Home Life ‘I thought I was going to be a perfect mum – but...

‘I thought I was going to be a perfect mum – but some days I don’t even like my son’

Representational Image Source: unsplash.com/Jenna Norman

It’s no secret that being a parent is challenging and some days you may be running out of time and ready to give up.

For some people, this feeling may go away, for others it may not.

One mother shared how she struggled with parenthood and all it entails.

The unnamed woman took to Mumsnet to confess it all in an emotional post and asked fellow mothers and fathers if she was ‘absurd’ to consider giving up her two-year-old son. himself and let him live with his father or not.

She wrote: “My son is nearly two. By this stage, I thought I would’ve settled into life as a mum and have my s**t together.

“I thought I was going to be a picture-perfect mum, gentle and calm. I’m so far from that that I don’t even like who I am.”

The mother goes on to say she doesn’t know what she’s doing and that her days feel “tense and rushed”, she only survives on three or four hours of sleep a night and working four days a day. week.

To make matters more difficult, she says her child has recently started having “terrible” tantrums that make her want to “go out”.

“I’m ashamed to type this out, but I’ve had days where I feel like don’t like him very much. There’s days where all he wants is me and I just feel like I don’t want to be around him,” she admits.

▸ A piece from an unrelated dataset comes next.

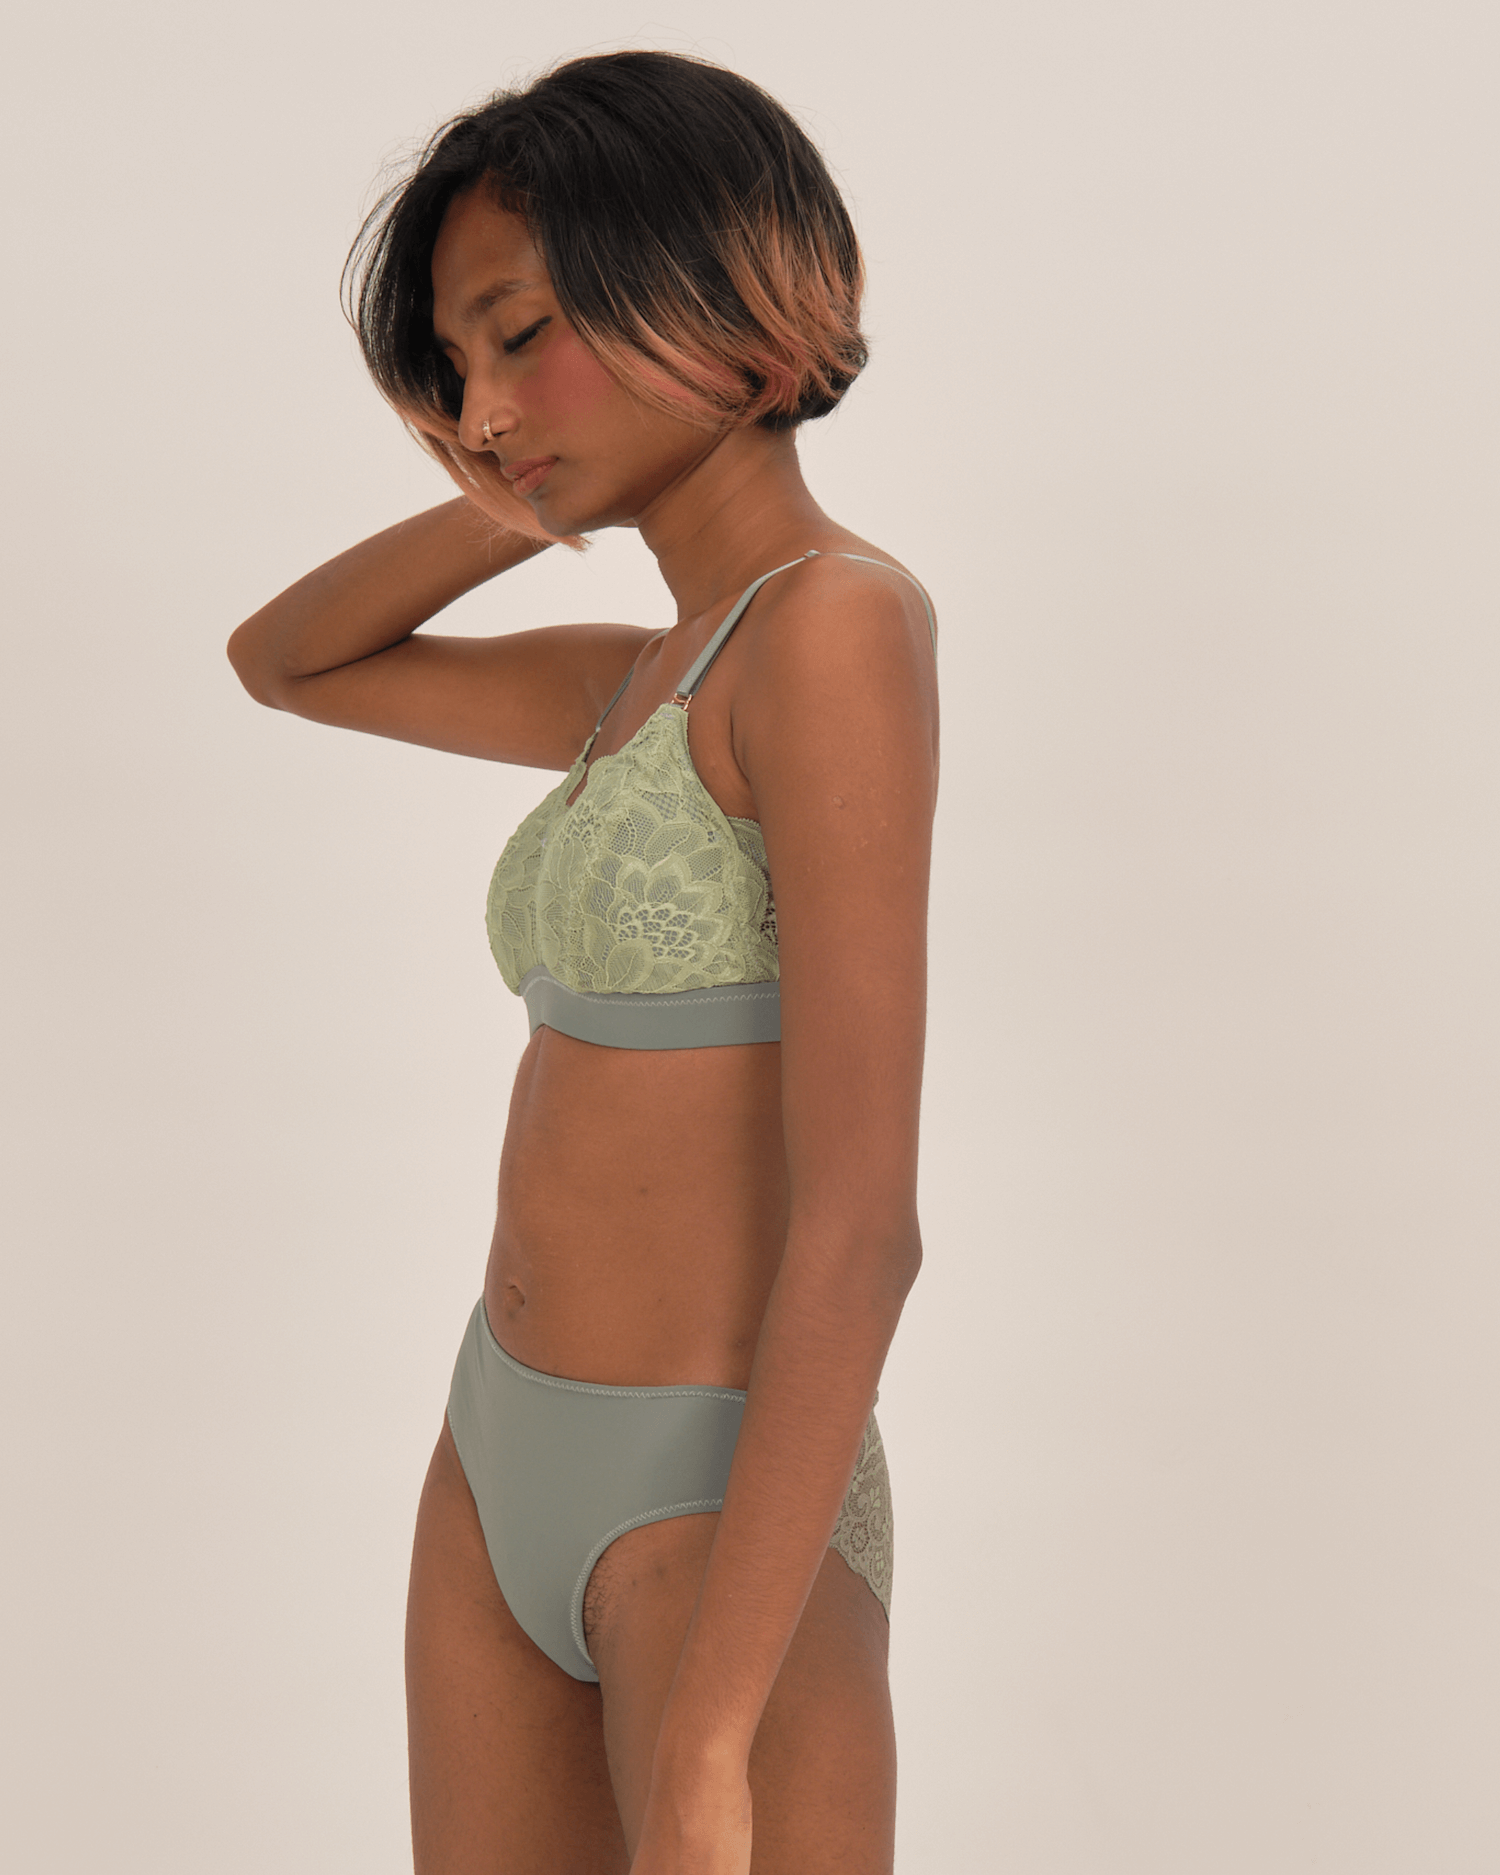 CITRONTART — VENUS BRALETTE my first piece of cc for the new

“I can’t seem to get five minutes to myself as he’s always right behind me and has tantrums if I don’t attend to him or meet his demands immediately.

“He isn’t like this with his Dad, only me.”

The parent added: “I’ve heard so many mums say it breaks their heart when their children cry, but recently when my son is screaming and crying, I could just walk out.

“I’m starting to even question if I love my son because surely a mother that loves her children does not feel like this towards them.

“I’ve given it some thought and think it could be better for both of us if he was to live with his Dad and I leave.

“I would of course still see my son, I’m not suggesting I never see him again.

“I don’t want to damage my son but feel I am just not adjusting to be the mum I so badly thought I would be.”

What is happening where you live? Find out by adding your postcode.

More than 120 people responded to the post, with many sending the mum messages of support.

Some also brought up the topic of postpartum depression (PND) and recommended that the parents speak to a specialist, as they are concerned for her health.

One person said: “When I had similar feelings with my firstborn I had crippling PND, I was so sure I was just not supposed to be a mum and in total denial, it could be PND. I got help and now could not imagine my life for one second without my little boy, and my newborn. Get help, even if you think you don’t need it, you really might.”

Another replied: “Everyone goes through phases of not liking their kids much. Parenting is an ever-evolving skill. There is this idea that women should just be instinctive with it. It’s just another stick to beat women with. You seem quite overwhelmed though.

Can you share a little more time with his dad? Perhaps taking a parenting class? There may be some collective wisdom in those classes that can help you. Do you take time for yourself? I know it’s tough when they’re young, but maybe if dad took care of them a little more you could take some time for yourself.

A third posted: “Have you spoken to your partner about how you feel? You work quite long hours and are sleep deprived – no wonder you’re struggling! Why not look at having some time off work initially, it sounds like you’re really suffering from stress, and having time at home may help. Speak to your Health visitor, they will be able to offer support and advice. There is a lot of support out there for struggling mums – please try to access it.”